Might have to give it a spin later.

Sent from my Galaxy Nexus using RootzWiki


----------



## cubsfan187 (Jul 17, 2011)

I just wish it had a little more "extras" in it. But you're right, it is very nice! Thumbs up to the devs on this ROM.


----------



## NicoleNXD (Feb 16, 2012)

+1 for Project Elite. The devs said they will release on other forums when they are happy with the ROM. In my opinion it has been ready for prime time months ago. These guys do great work, been using their ROMs since the OG droid. =)

Sent from my Galaxy Nexus using RootzWiki


----------



## romboy (May 29, 2012)

sandfreak said:


> I really liked Project Elite on my old Droid, I wonder why they never made it to Rootz.
> 
> Might have to give it a spin later.
> 
> Sent from my Galaxy Nexus using RootzWiki










Originally Posted by *alanafowlersr* (what i said)
You did a nice job with this rom ty its 1 of the best i ran on my nexus 2 date.if this was on rootz or xda it would be a big hit tyty again i will be watching this thread from now on.







(what buckmarble said developer for project elite)
Pass the word along. When we officially release it'll be on all the major forums

Sent from my Galaxy Nexus using Tapatalk 2


----------



## romboy (May 29, 2012)

Have not been on http://www.droidforums.net since my old droid glad i did check it out. I two ran project elite and loved it back than and i am loving it again ty project elite


----------



## AshG (Jun 7, 2011)

NicoleNXD said:


> The devs said they will release on other forums when they are happy with the ROM.


And there will be a place for them here when they do.


----------



## x.v_ (Aug 23, 2011)

Surprisingly promising.

It appears on the surface as somewhat of a kang ROM, not really seeing much original code here (not bashing, just stating what I see ^.^). But it feels quite complete nonetheless. CM features, AOKP features, and Paranoid Android's PIE all wrapped into one.


----------



## fused2explode (Jan 6, 2012)

x.v_ said:


> Surprisingly promising.
> 
> It appears on the surface as somewhat of a kang ROM, not really seeing much original code here (not bashing, just stating what I see ^.^). But it feels quite complete nonetheless.
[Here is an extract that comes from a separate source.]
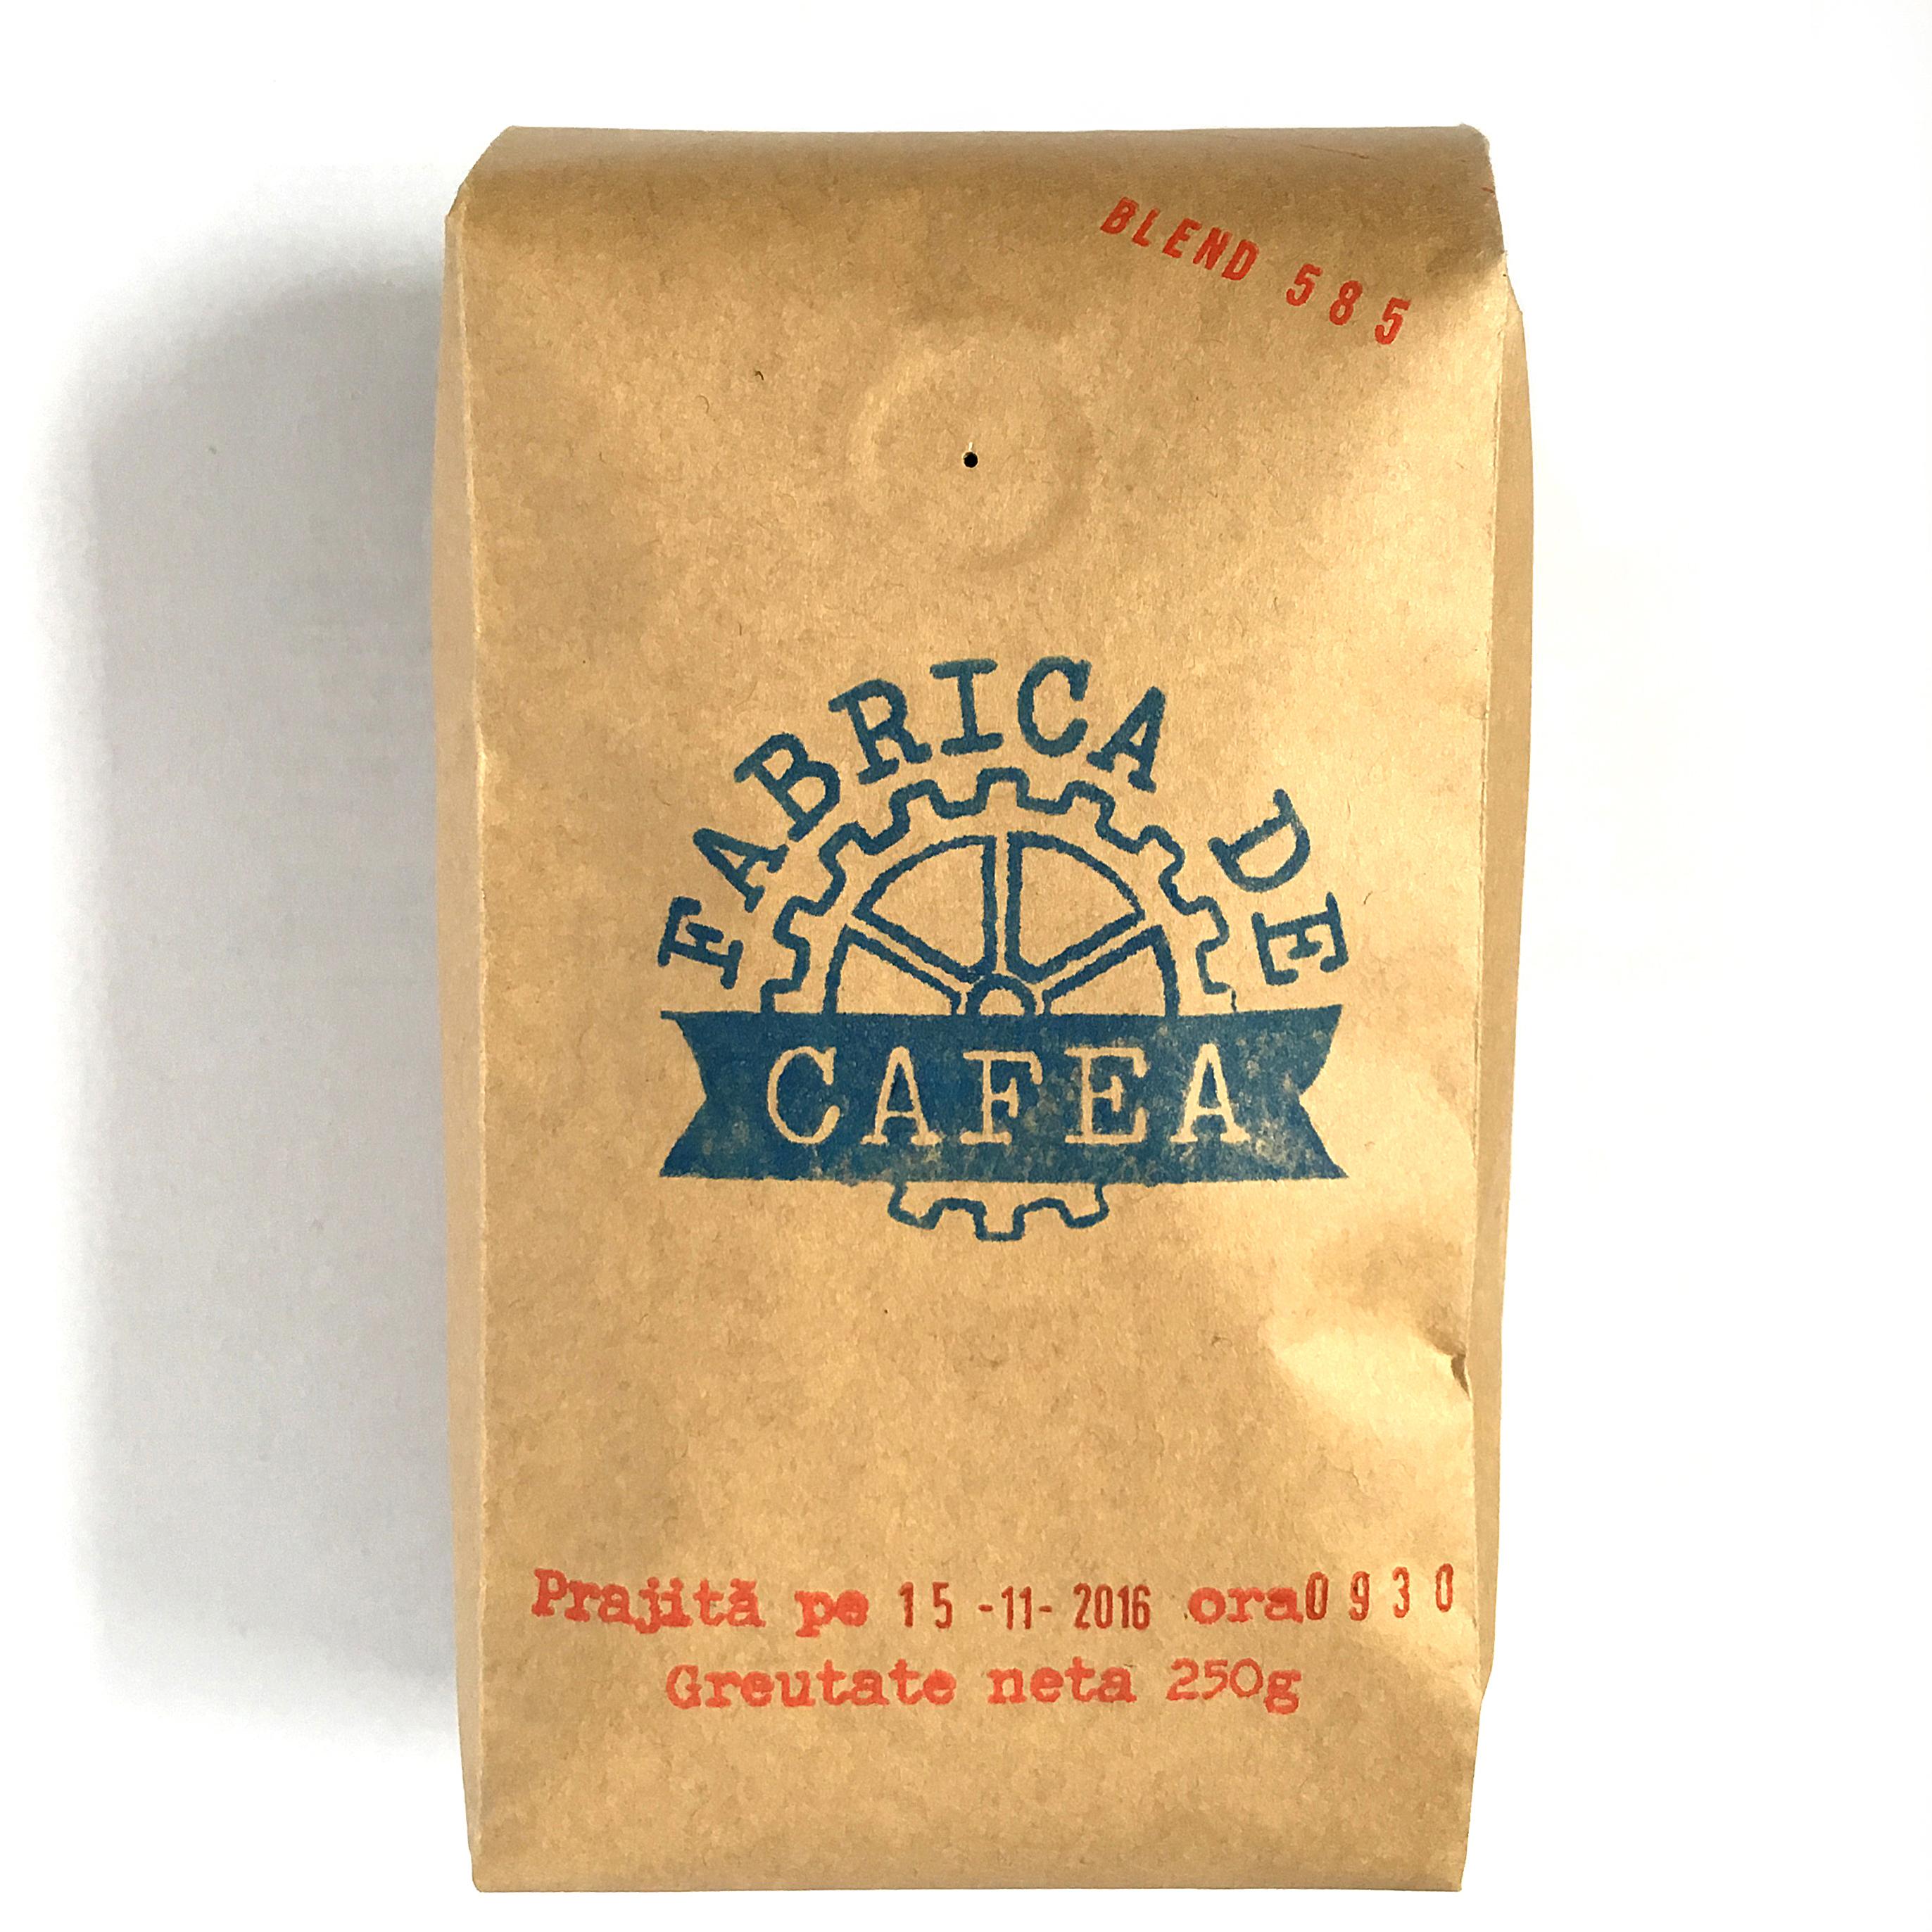 Cafea Blend 585  250g

CM features, AOKP features, and Paranoid Android's PIE all wrapped into one.


They've been around for awhile, glad they released for the gn


----------



## Rodeojones (Jun 13, 2011)

Actngrezy is a fantastic developer. My still-working OG Droid runs PE 4.2 even to this day. If not for the AOKP PUB builds, Project Elite would be the ROM I'd choose. Why they don't post on other forums is beyond me.


----------



## buckmarble (Sep 16, 2011)

Good to see you all talking about PE over here. I've been developing PE with Actngrezy since last august. Also since 4.2.1 i have been developing a kernel for PE also. It comes packaged with the rom. Its also available for download separate. I uploaded a new build about 30 min ago. Hope you all enjoy it! It is 4.2.2 and has gapps included. The reason we haven't posted on other forums yet is because we haven't "officially" released it although it is 100% stable and should be bug free.

Sent from my Galaxy Nexus using Tapatalk 2


----------



## buckmarble (Sep 16, 2011)

x.v_ said:


> Surprisingly promising.
> 
> It appears on the surface as somewhat of a kang ROM, not really seeing much original code here (not bashing, just stating what I see ^.^). But it feels quite complete nonetheless. CM features, AOKP features, and Paranoid Android's PIE all wrapped into one.


We do pull code from many different source. Although it gets a little tricky because we start with a pure aosp base and because aokp cm and pa and others use different styles of coding we often have to recode things to make them work. There are also options in gnex parts and status bar and things like that that aren't in cm even though they look like they would be. Its a mix of a lot of good things, ours and others.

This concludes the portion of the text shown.